Job Summary
As a Data Engineer, you play a crucial role in the foundation of our data-driven operations, tasked with developing and maintaining a robust data ecosystem. You will design and implement complex data architectures that can handle varied and large-scale datasets from multiple, diverse sources such as texts, images, audio, and video. Your responsibilities include creating and optimizing automated data pipelines for seamless data collection, preprocessing, and storage, ensuring the infrastructure supports real-time and batch data processing needs. Furthermore, you will focus on enhancing the performance and scalability of data systems while maintaining stringent data security and compliance protocols to protect sensitive information.
Key Responsibilities
- Data Collection: Gather publicly available multimodal data (text, image, audio, video) from multiple sources, including websites, podcasts, news, social media, and reports.
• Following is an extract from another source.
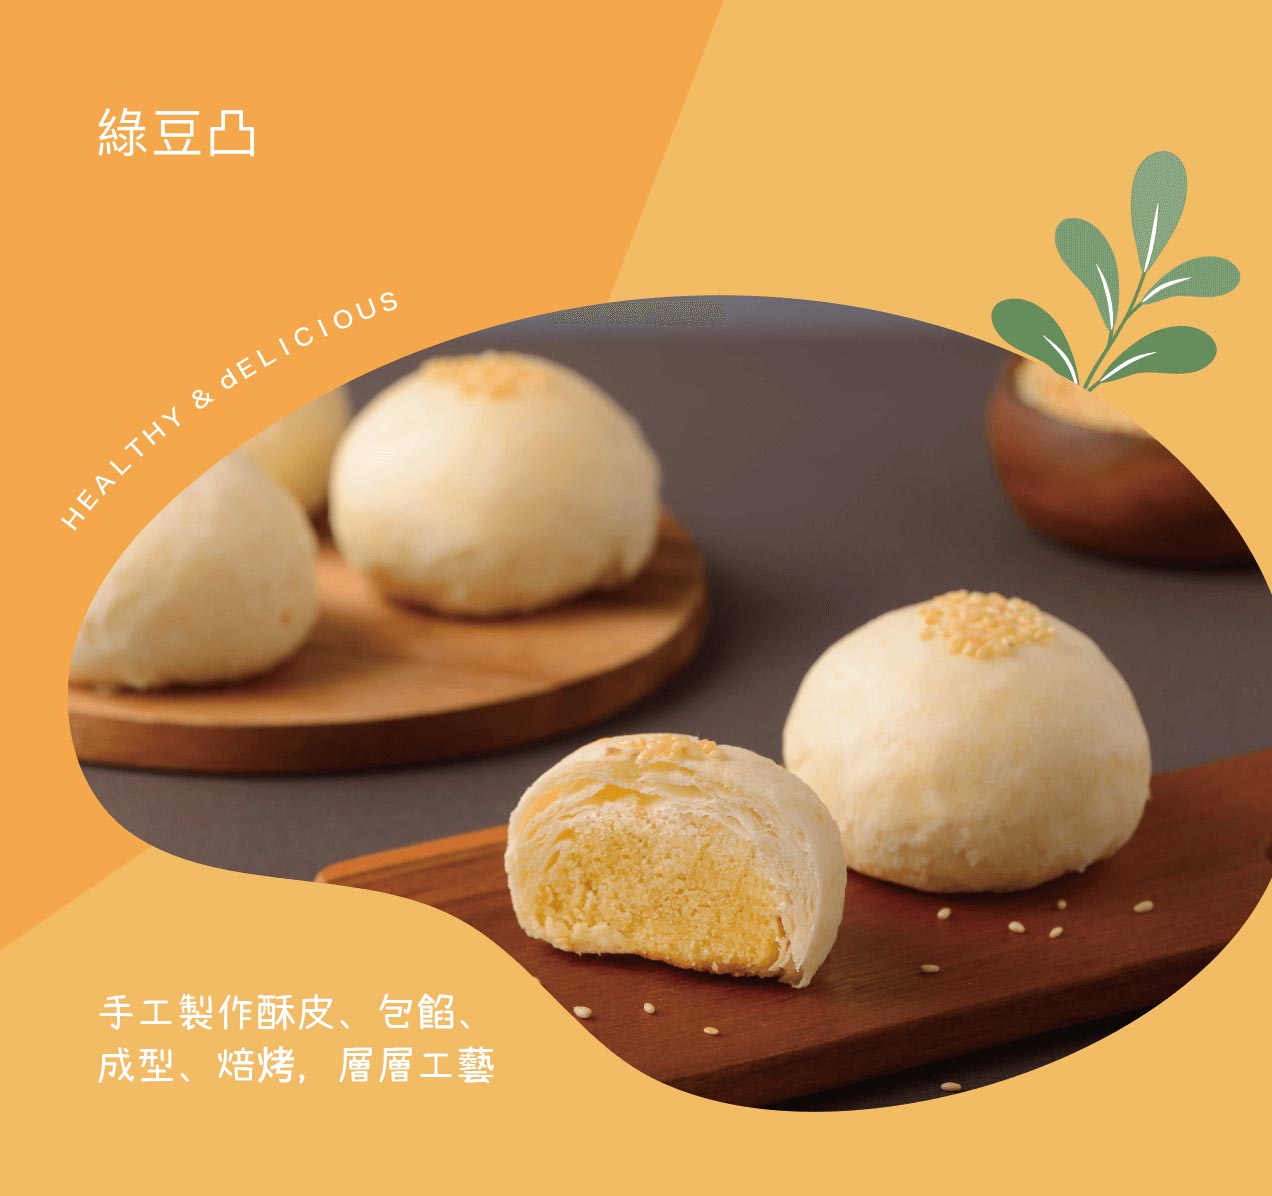 Wholesome - Mung Bean Pastry 【8 pcs】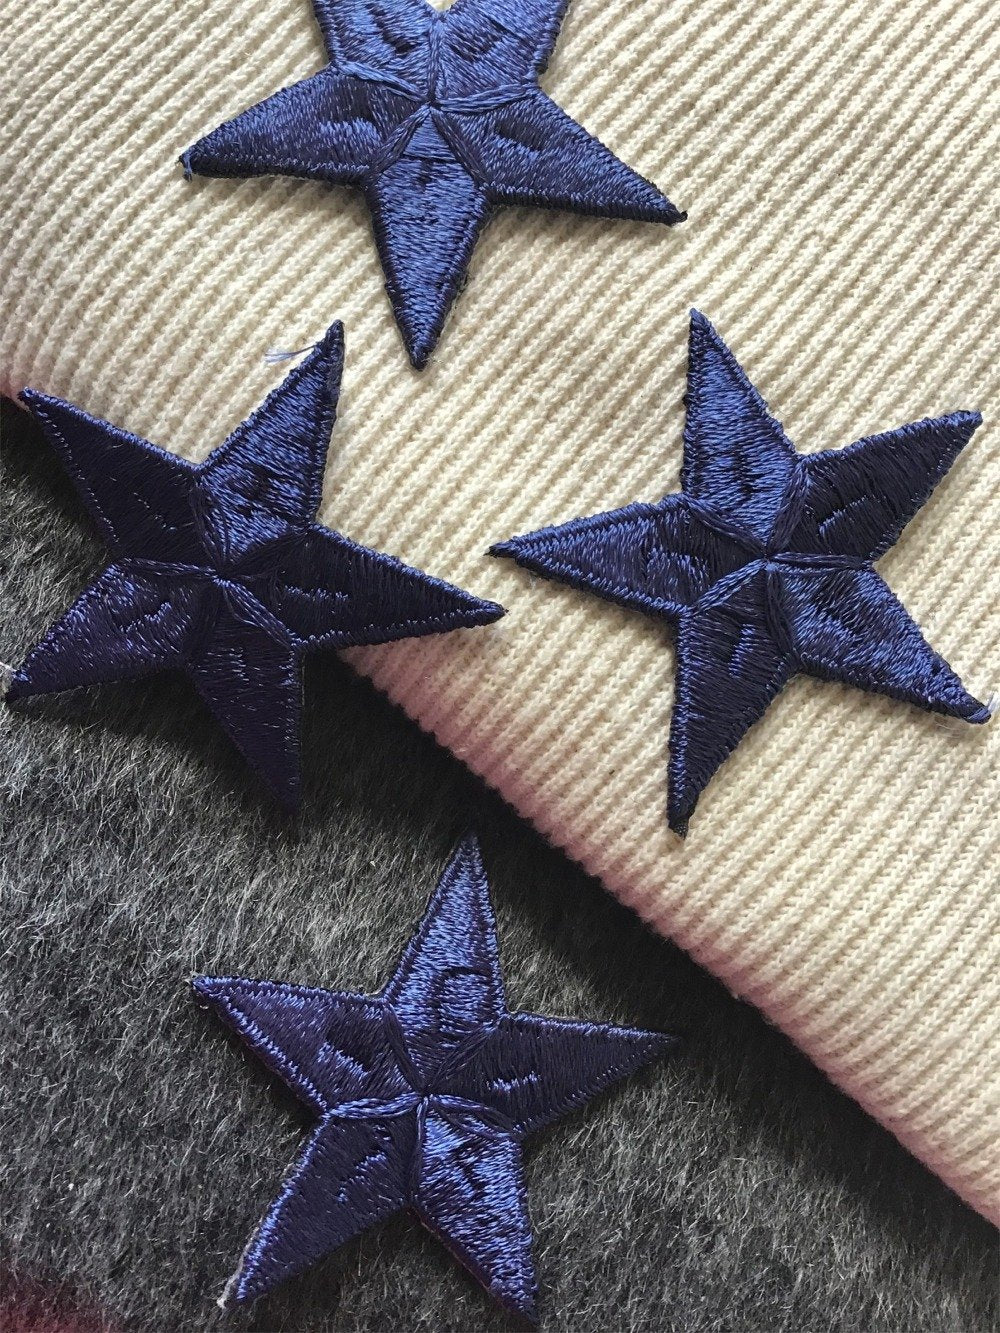 Vintage Embroidered Navy Star Decorative Patch #5017

- Data Pipeline & Automation Development: Develop automated data collection, processing, and storage pipelines.
- Data Infrastructure: Design and implement scalable system infrastructure that can seamlessly handle big data and robust data pipelines.
- Data Preprocessing: Preprocess and clean datasets by removing noise and ensuring quality.
- Exploratory Data Analysis: Conduct analysis and exploration of collected datasets to uncover insights.
- Data Warehouse and Data Lake Implementation: Establish robust, scalable data storage solutions.
- Collaboration: Partner with data science and machine learning engineering teams to meet the data needs supporting ongoing model development.
- Data Quality Assurance: Ensure the accuracy, consistency, and reliability of data.
- Optimization: Improve data pipeline performance and scalability for fast and efficient data processing.
- Data Security and Compliance: Maintain data security measures and ensure compliance with regulations.
General Qualifications
Bachelor's degree in Data Science, Artificial Intelligence, Software Engineering, or a related field. Master in Python programming language.
Experience and Skills
- Technical Skills:
- Extensive hands-on experience in designing robust data infrastructure and managing large-scale, complex data pipelines.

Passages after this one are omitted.